__Action item__
Leave every picture out, then reproduce the rest of the listing exactly.

__Data shown__
□ □ □

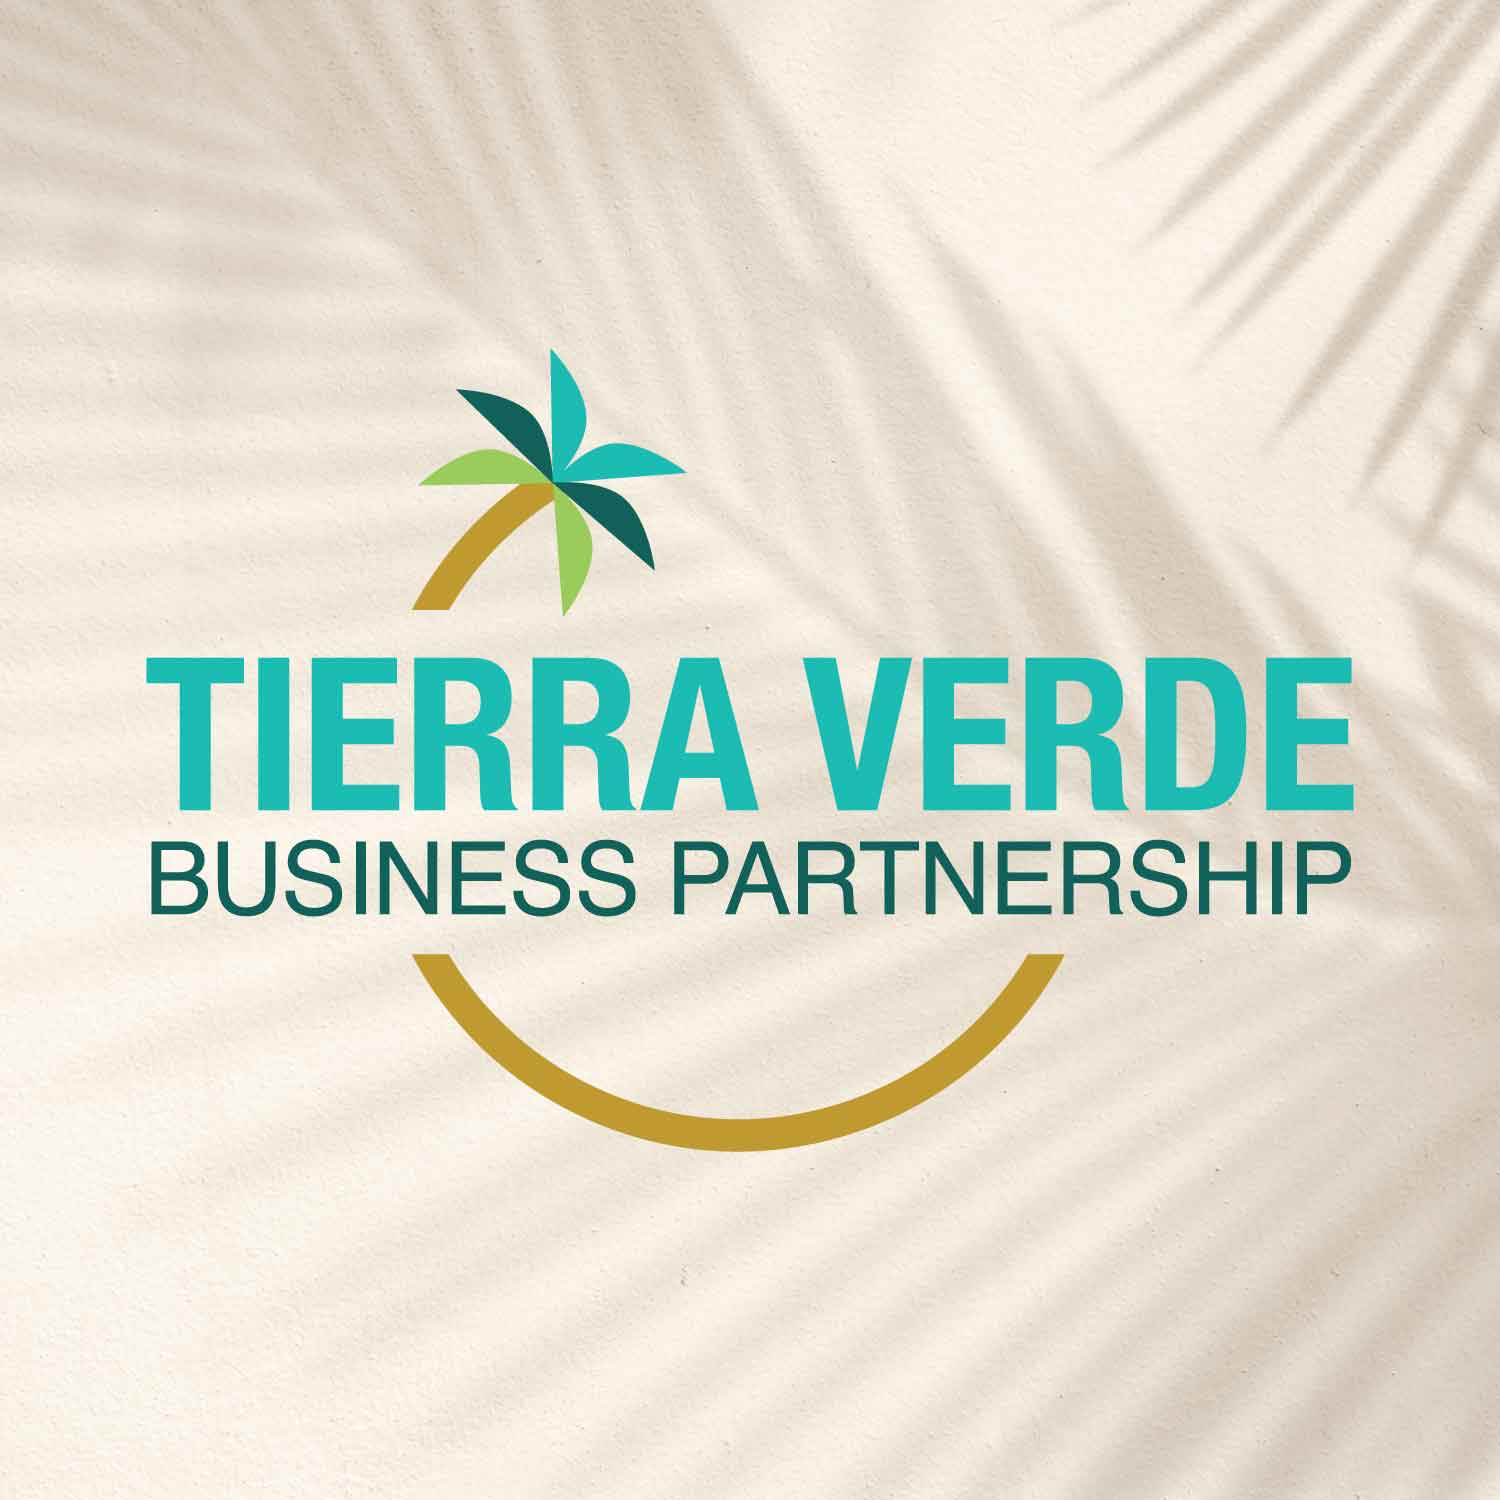 Tierra Verde Business Partnership Logo Design
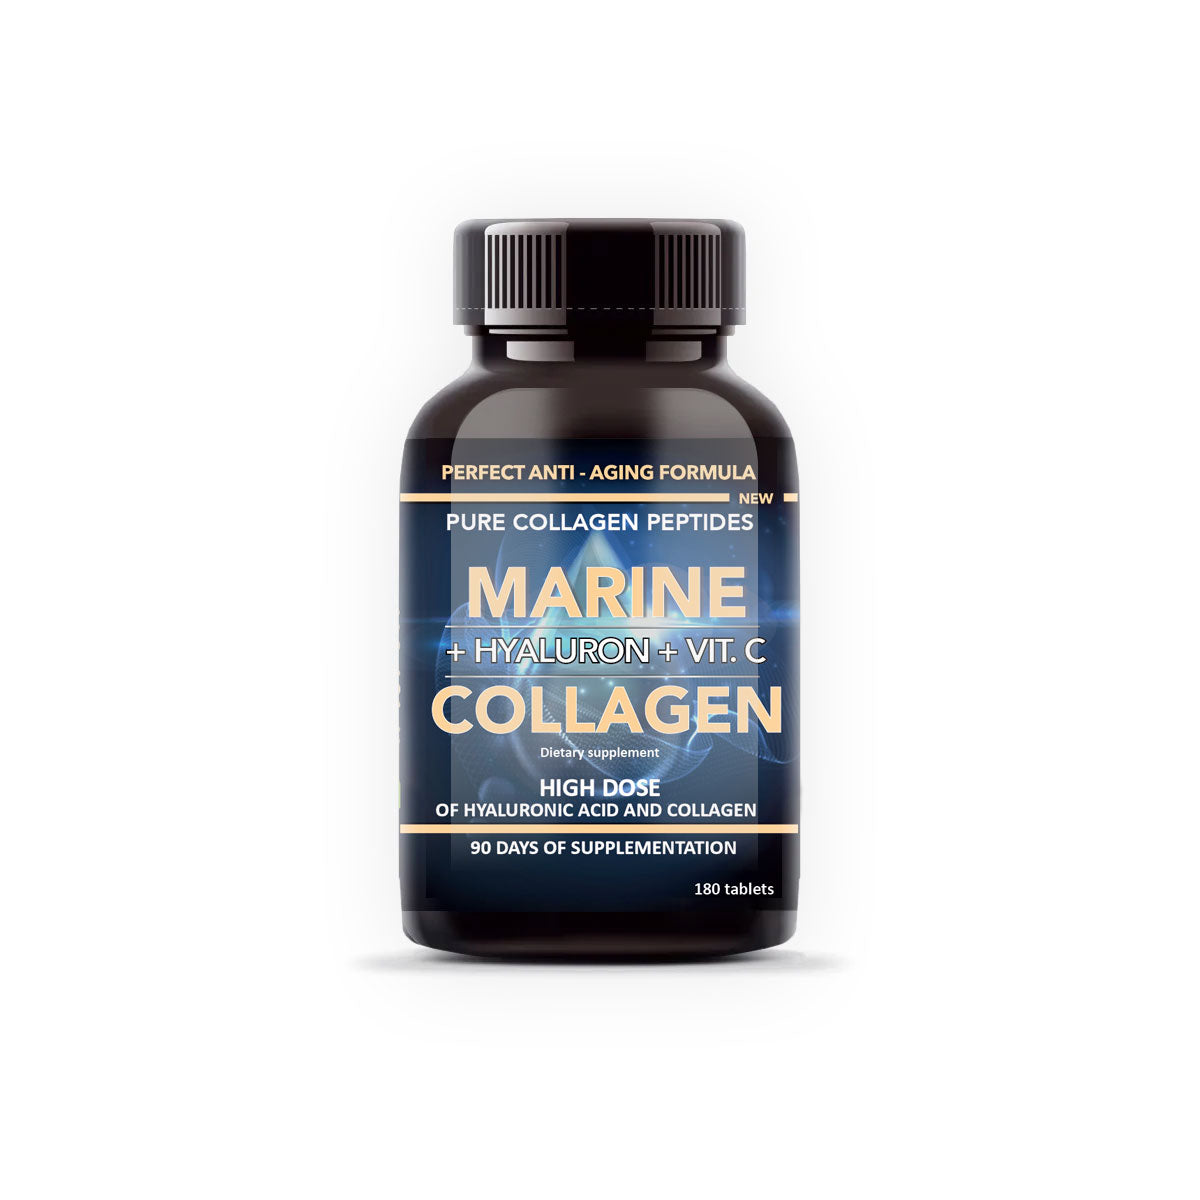 Marine collagen + hyaluron + vitamin C 500 mg tablets – 90 tablets
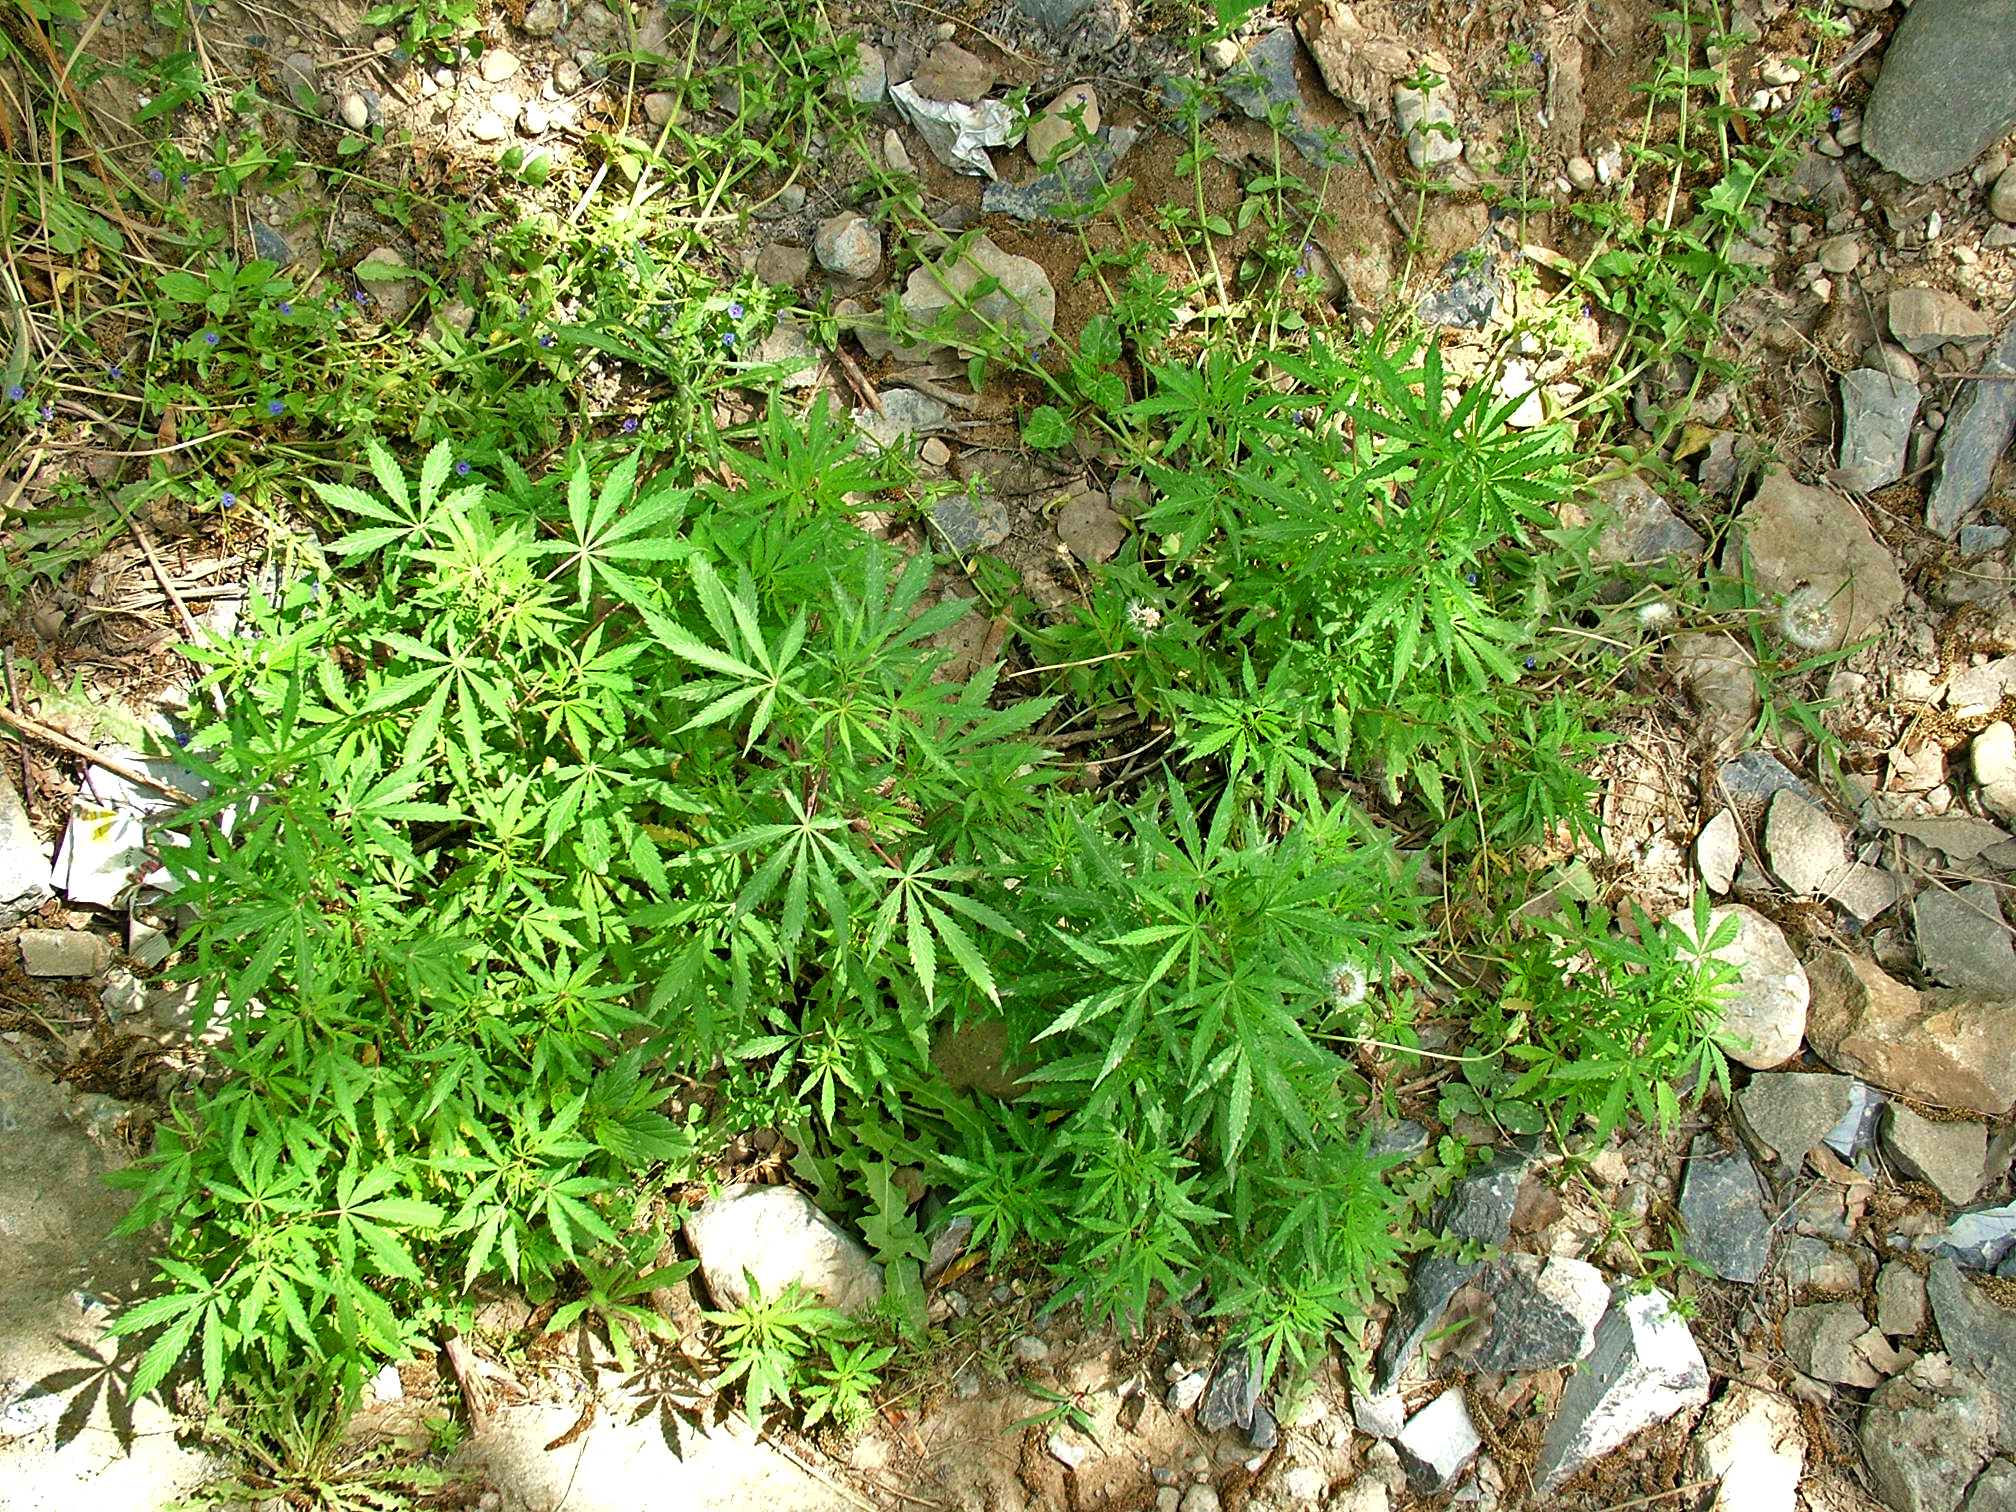 File:Marijuana growing Islamabad 01.jpg - Wikimedia Commons
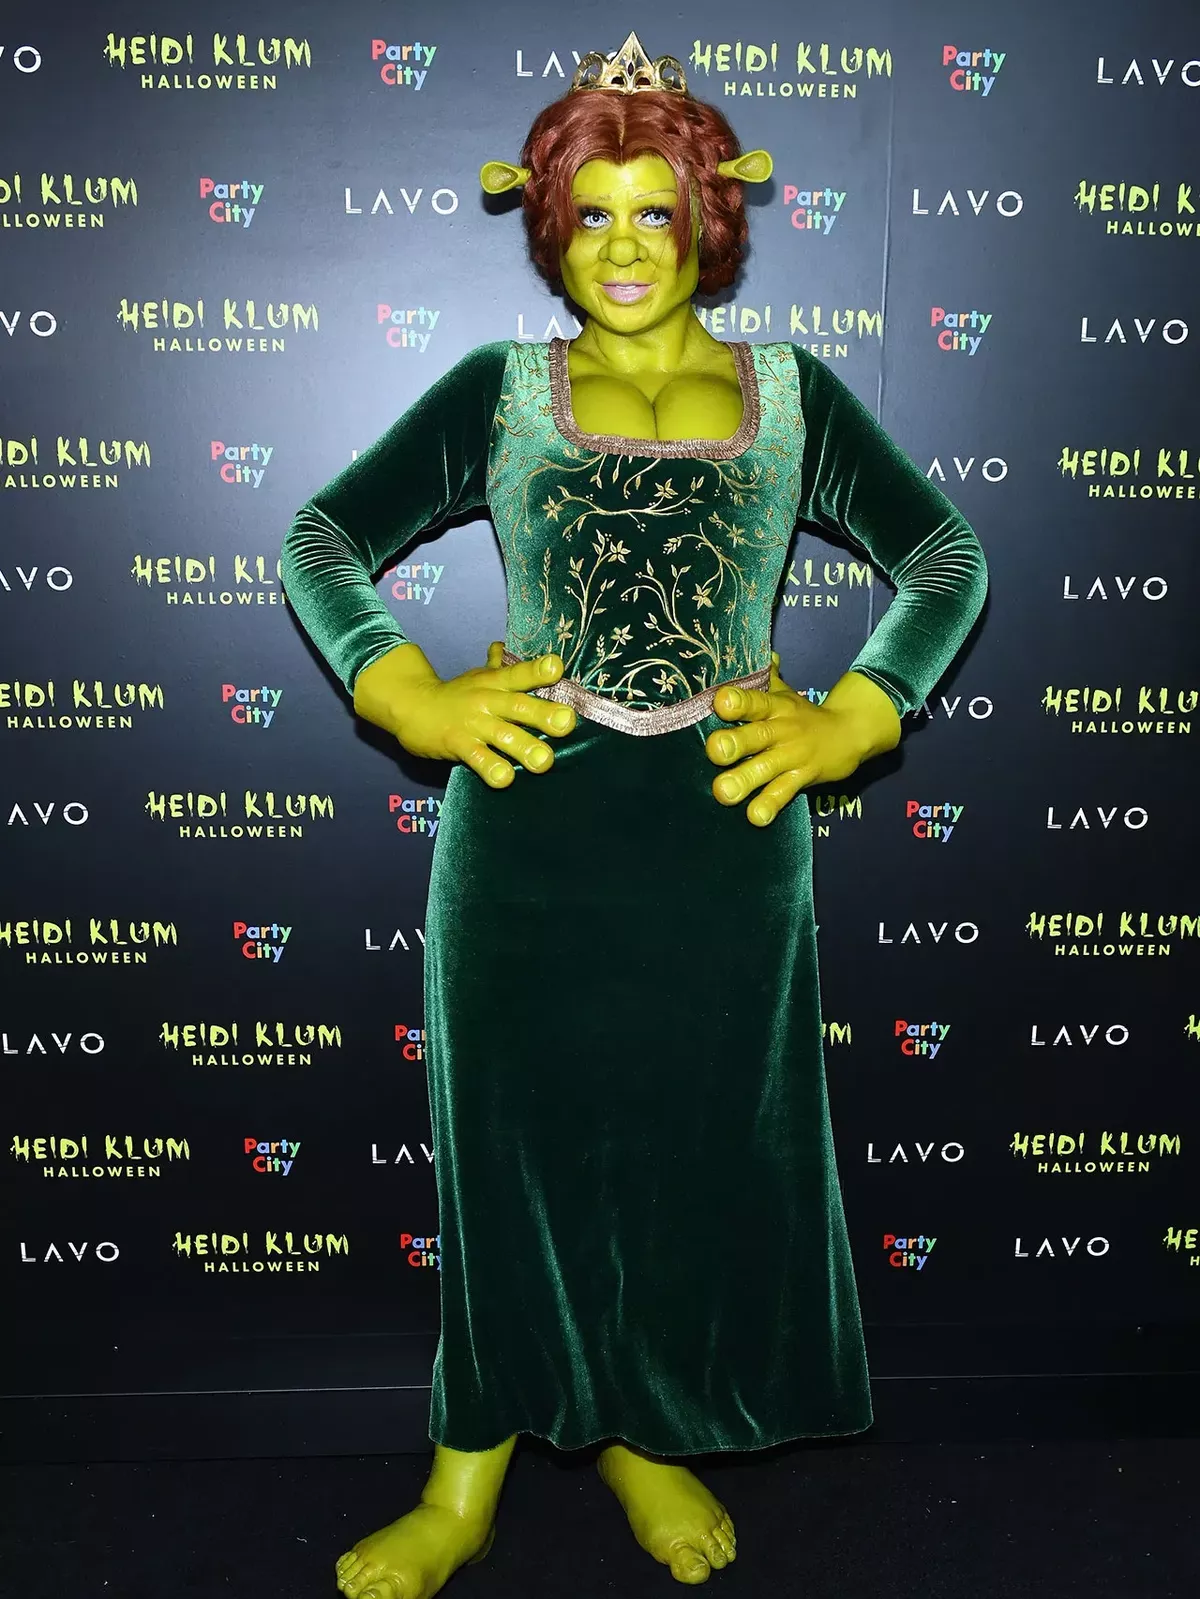 Heidi Klum dressed as Fiona from Shrek

□ □ □

__Problem solution__
 Tierra Verde Business Partnership Logo Design
 Marine collagen + hyaluron + vitamin C 500 mg tablets – 90 tablets
 File:Marijuana growing Islamabad 01.jpg - Wikimedia Commons
 Heidi Klum dressed as Fiona from Shrek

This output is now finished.